Autoscaling Inference Clusters for LLMs with GCP

Question

Pulumi · Accepted Answer

To autoscale inference clusters for large language models (LLMs) on Google Cloud Platform (GCP), you'd typically want to use some combination of Google Kubernetes Engine (GKE) for container orchestration, Compute Engine's Instance Group Manager for managing groups of instances, and possibly an Autoscaler to automatically adjust the number of virtual machine instances based on the load.

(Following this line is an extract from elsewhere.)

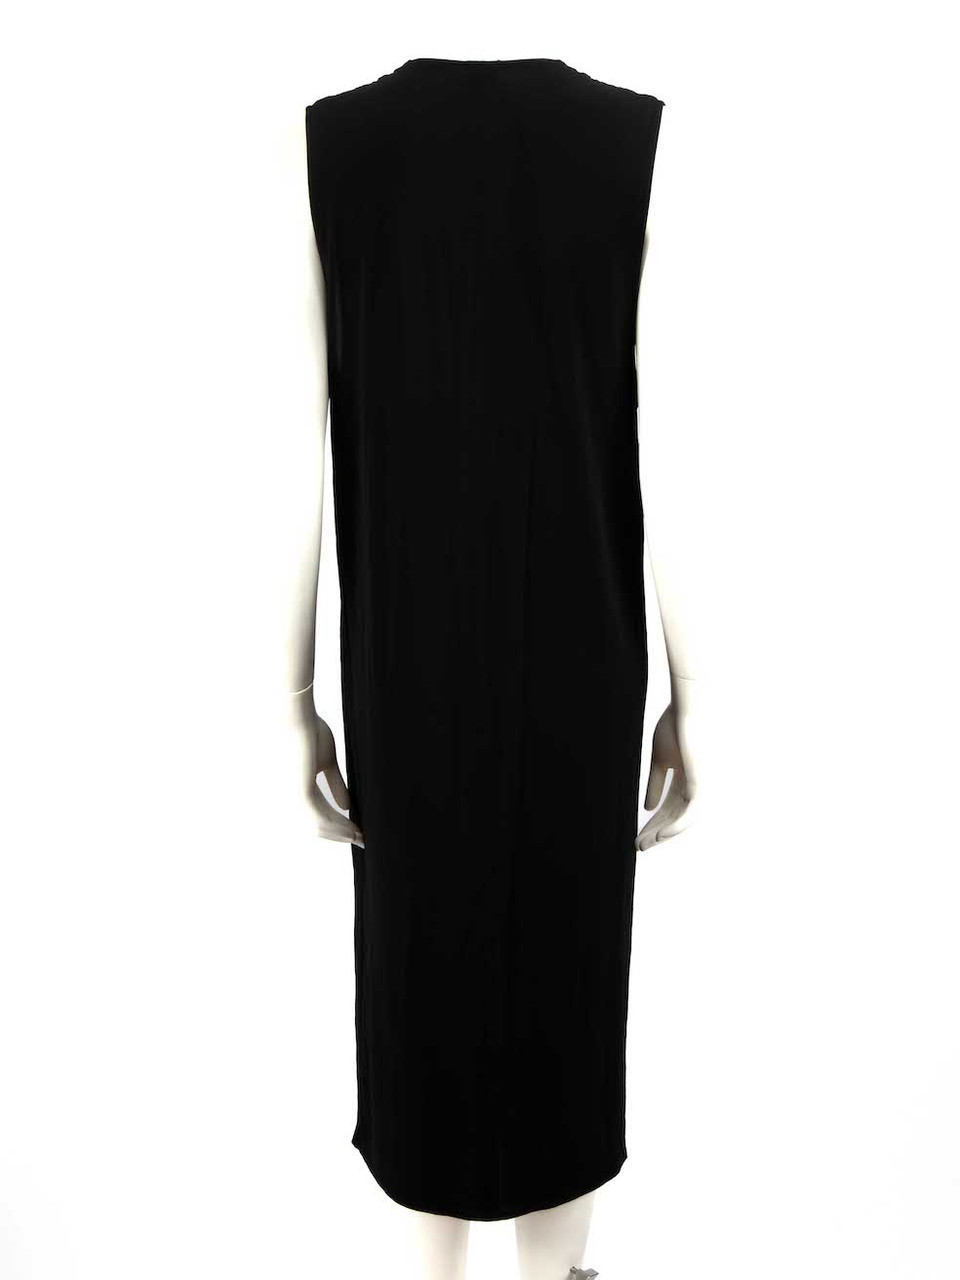 Helmut Lang Black Sleeveless Layered Dress
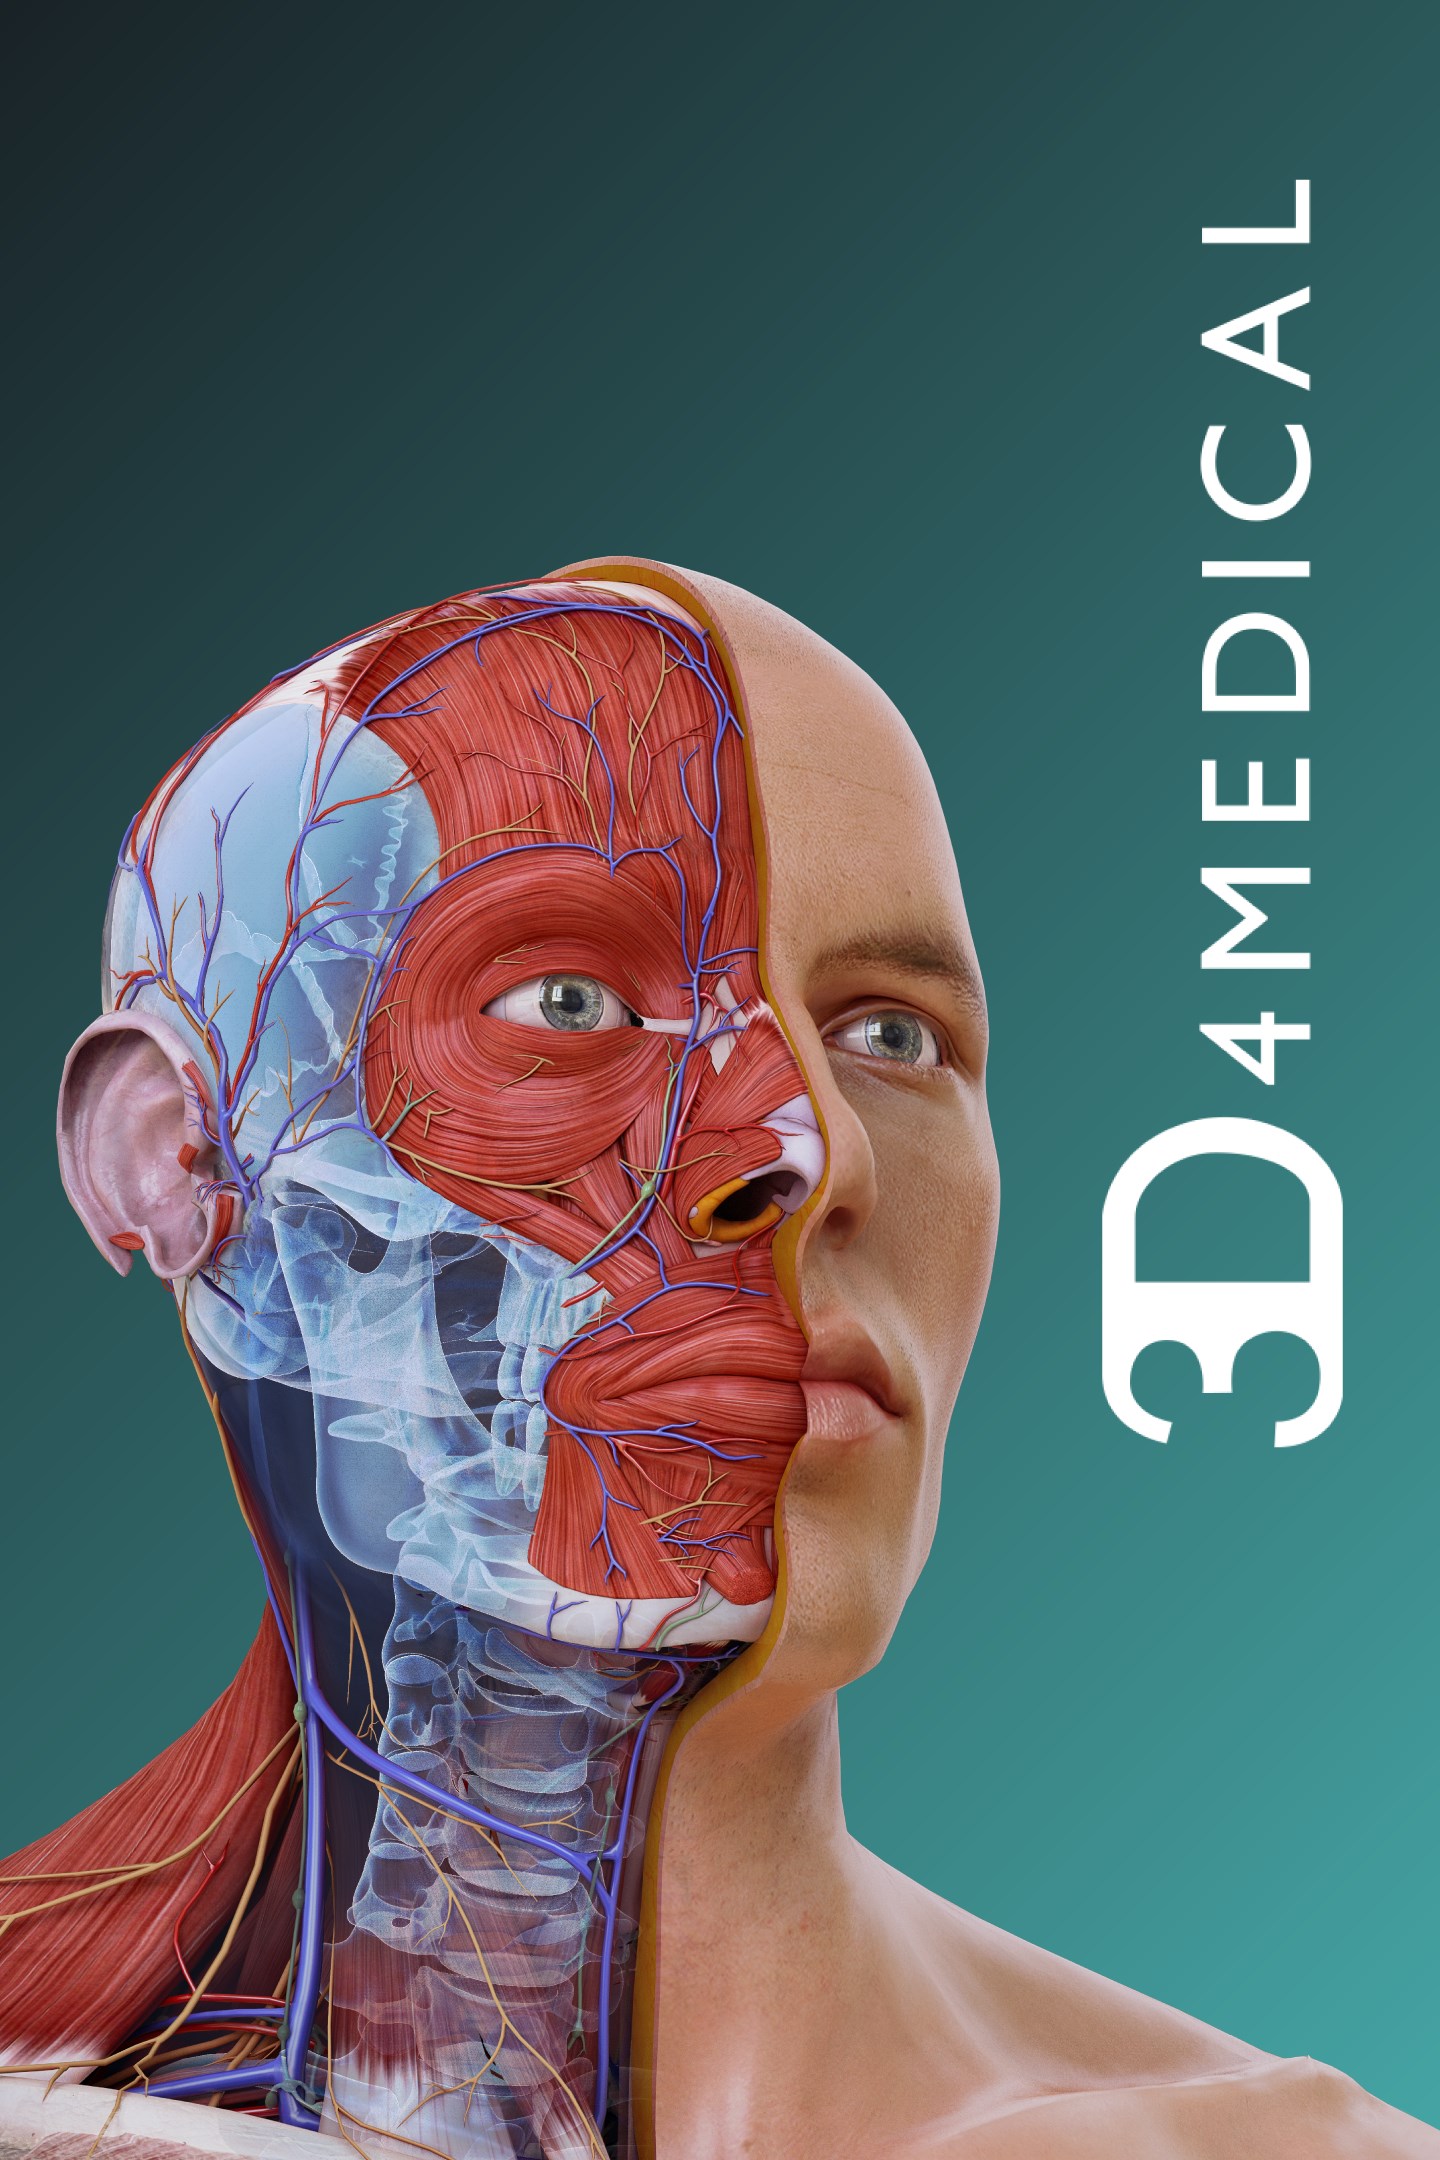 54 HQ Images Complete Anatomy App Customer Service / Complete Anatomy 21 3d Human Body Atlas App Su Google Play

For the purpose of setting up autoscaling, Compute Engine's Instance Group Manager can be used to create a group of virtual machines that will run the containers for the LLMs. The number of instances in the group can automatically scale up or down based on the given criteria, such as CPU utilization or custom metrics, by attaching an Autoscaler to the group.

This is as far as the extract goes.